EXERCISE: Print only the lines below from the one with "Neuer Weg (NW), Organ" to the one with "Dessin de deux", both included, exactly as they stand. Leave pictures out.

THE INPUT:
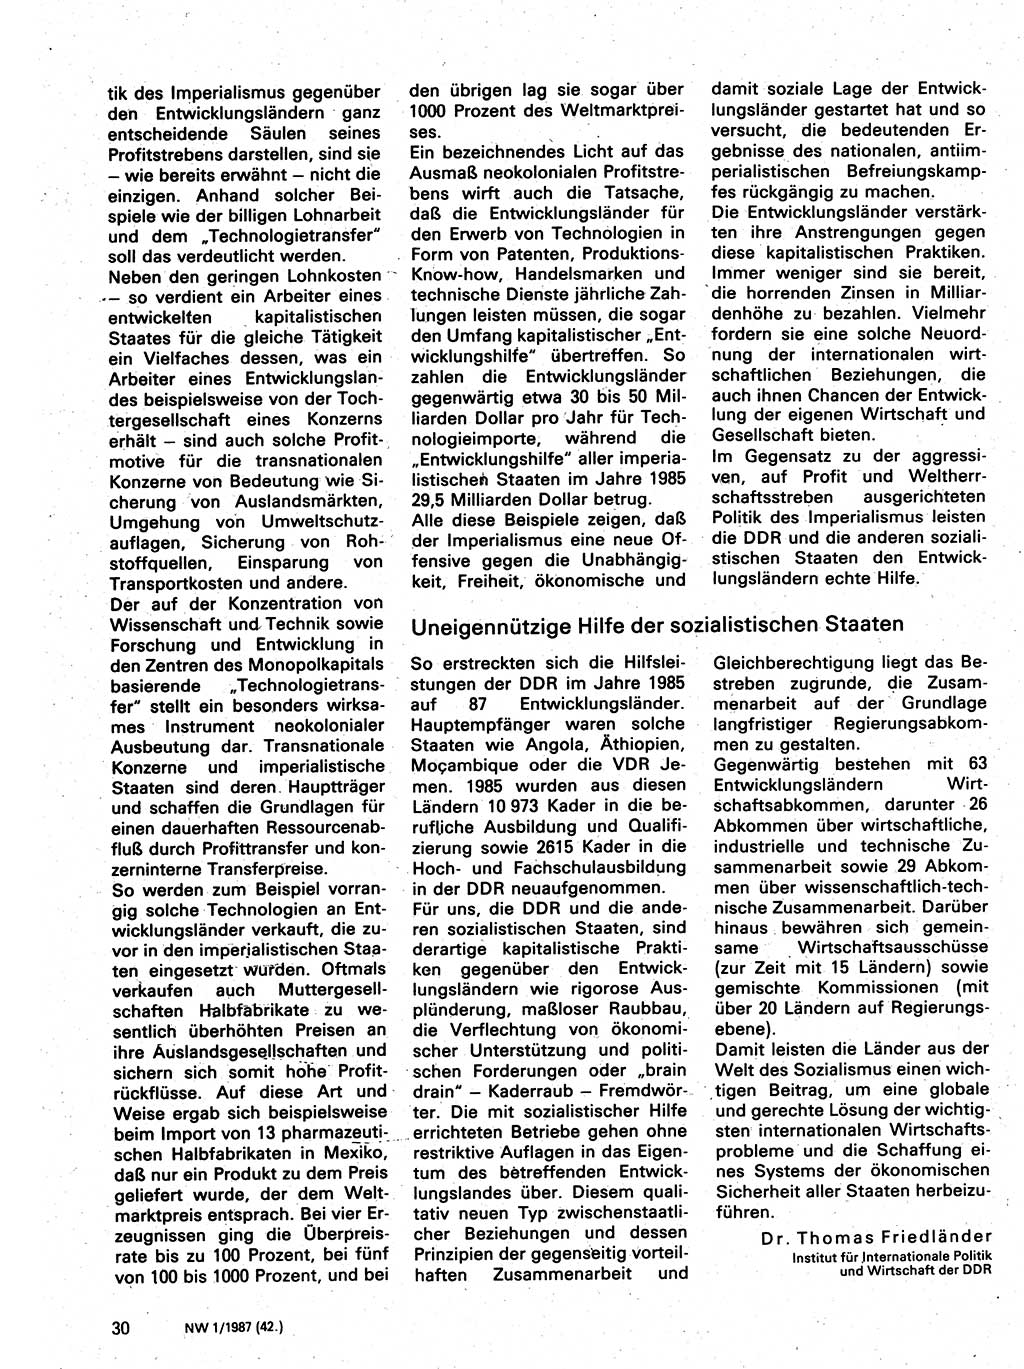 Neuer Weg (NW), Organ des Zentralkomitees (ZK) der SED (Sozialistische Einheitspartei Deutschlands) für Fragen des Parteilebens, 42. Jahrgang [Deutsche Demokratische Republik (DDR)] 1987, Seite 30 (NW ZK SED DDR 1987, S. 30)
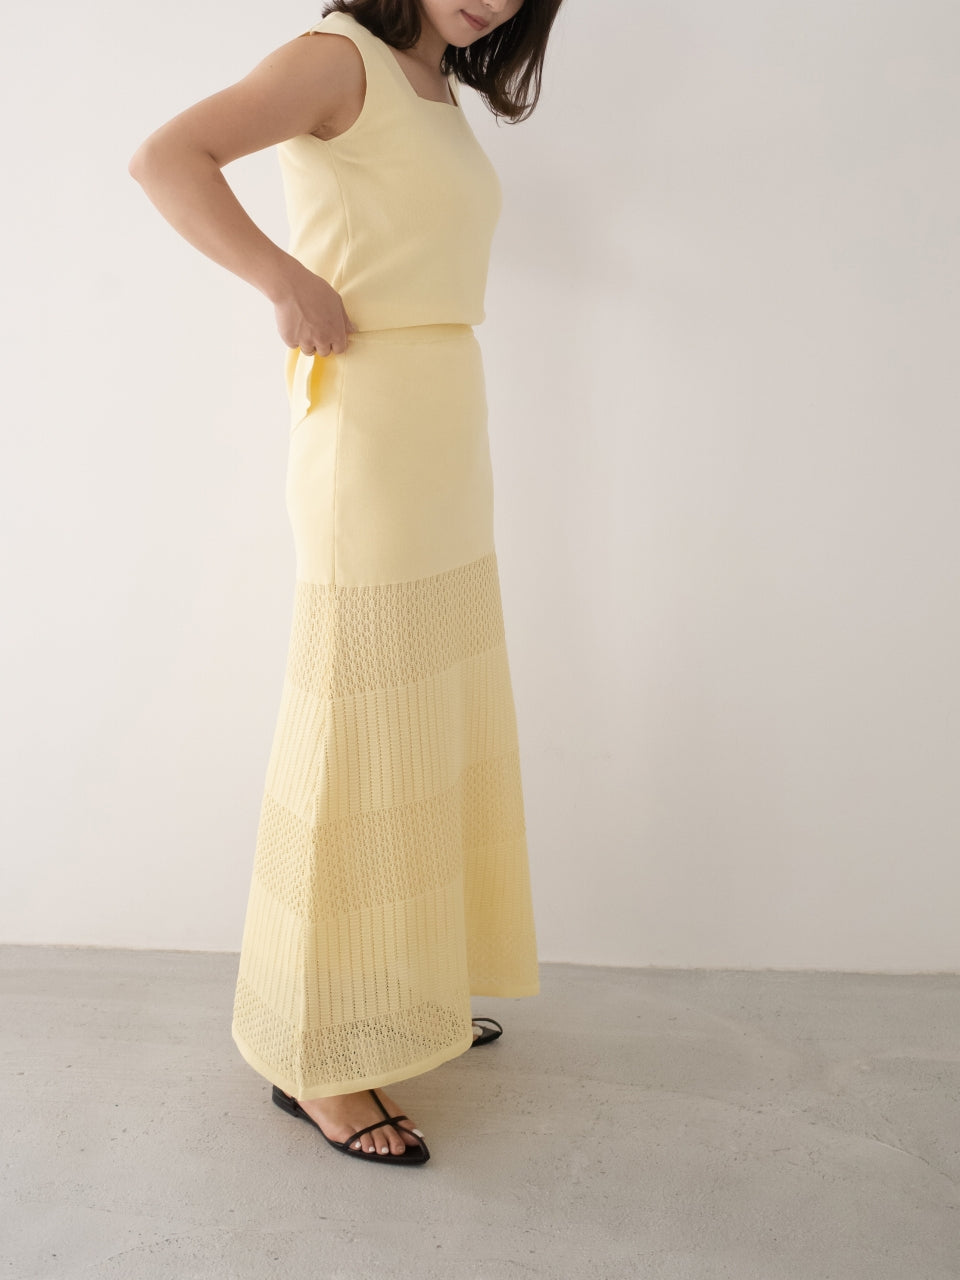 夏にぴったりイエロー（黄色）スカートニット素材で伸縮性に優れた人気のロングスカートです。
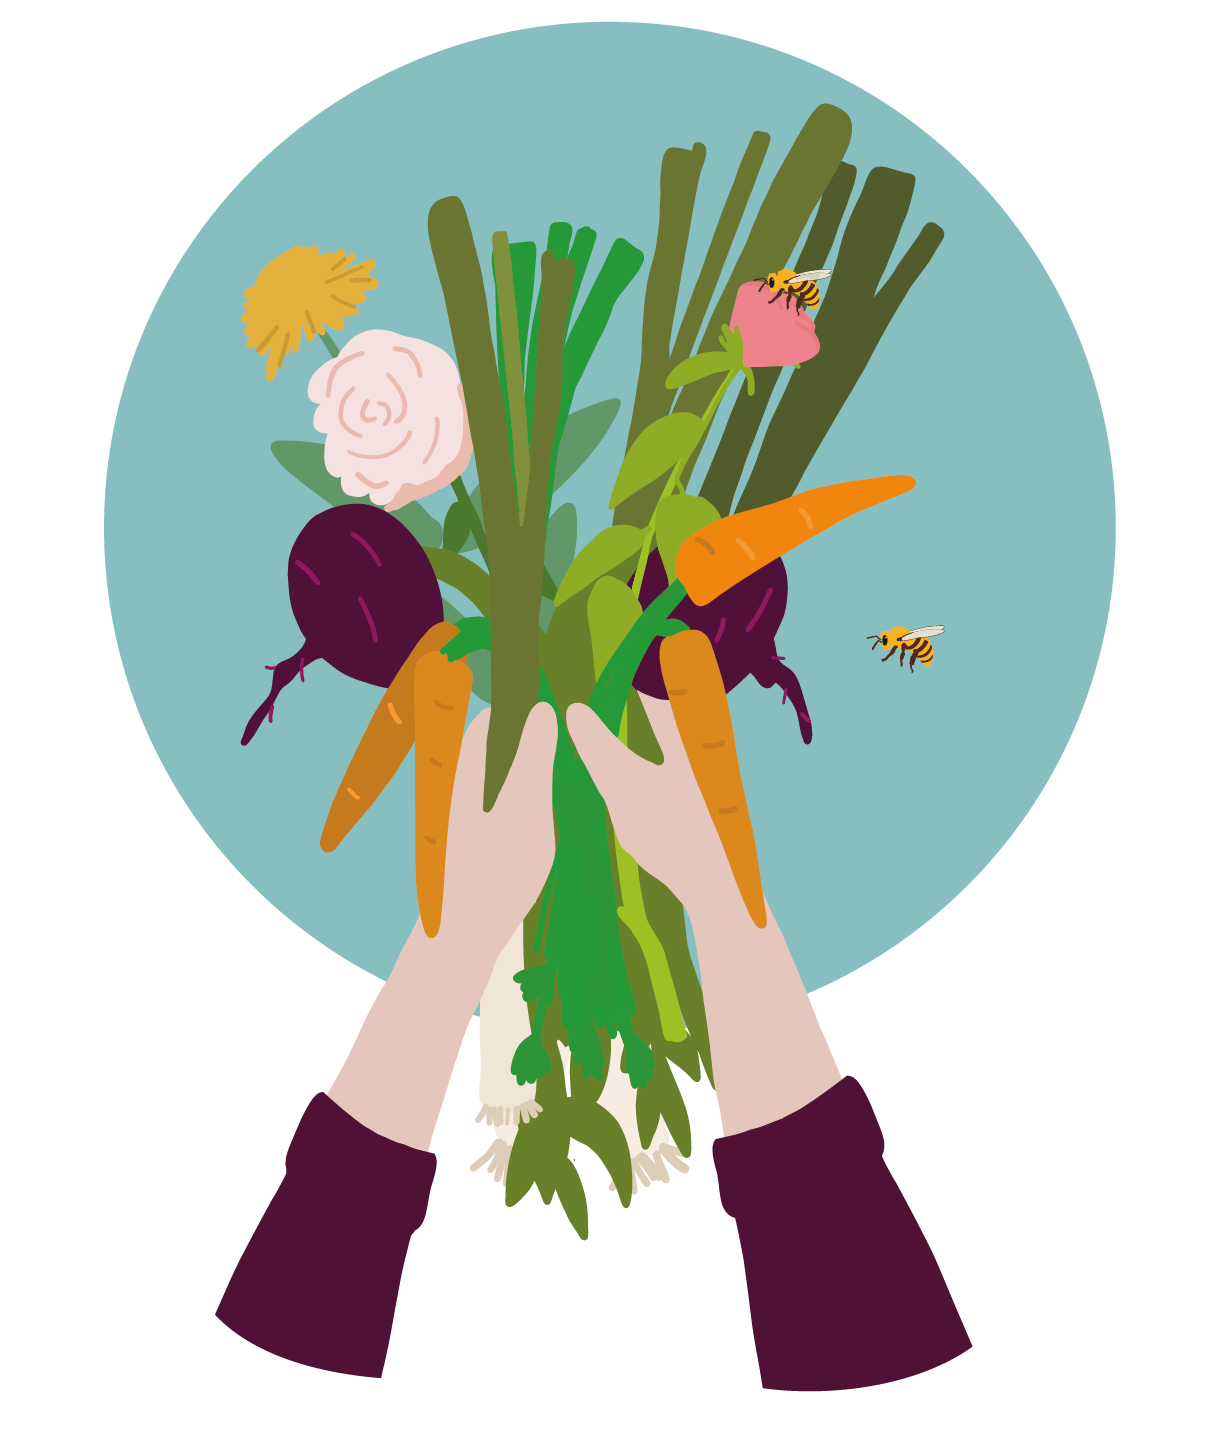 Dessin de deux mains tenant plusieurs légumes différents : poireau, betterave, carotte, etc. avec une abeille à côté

* * *

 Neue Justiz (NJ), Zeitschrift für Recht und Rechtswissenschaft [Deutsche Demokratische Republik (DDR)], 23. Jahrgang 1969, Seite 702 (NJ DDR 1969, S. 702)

==

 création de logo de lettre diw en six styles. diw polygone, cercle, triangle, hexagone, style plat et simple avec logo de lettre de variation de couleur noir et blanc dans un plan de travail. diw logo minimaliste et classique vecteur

TASK RESULT:
 Neuer Weg (NW), Organ des Zentralkomitees (ZK) der SED (Sozialistische Einheitspartei Deutschlands) für Fragen des Parteilebens, 42. Jahrgang [Deutsche Demokratische Republik (DDR)] 1987, Seite 30 (NW ZK SED DDR 1987, S. 30)
 夏にぴったりイエロー（黄色）スカートニット素材で伸縮性に優れた人気のロングスカートです。
 Dessin de deux mains tenant plusieurs légumes différents : poireau, betterave, carotte, etc. avec une abeille à côté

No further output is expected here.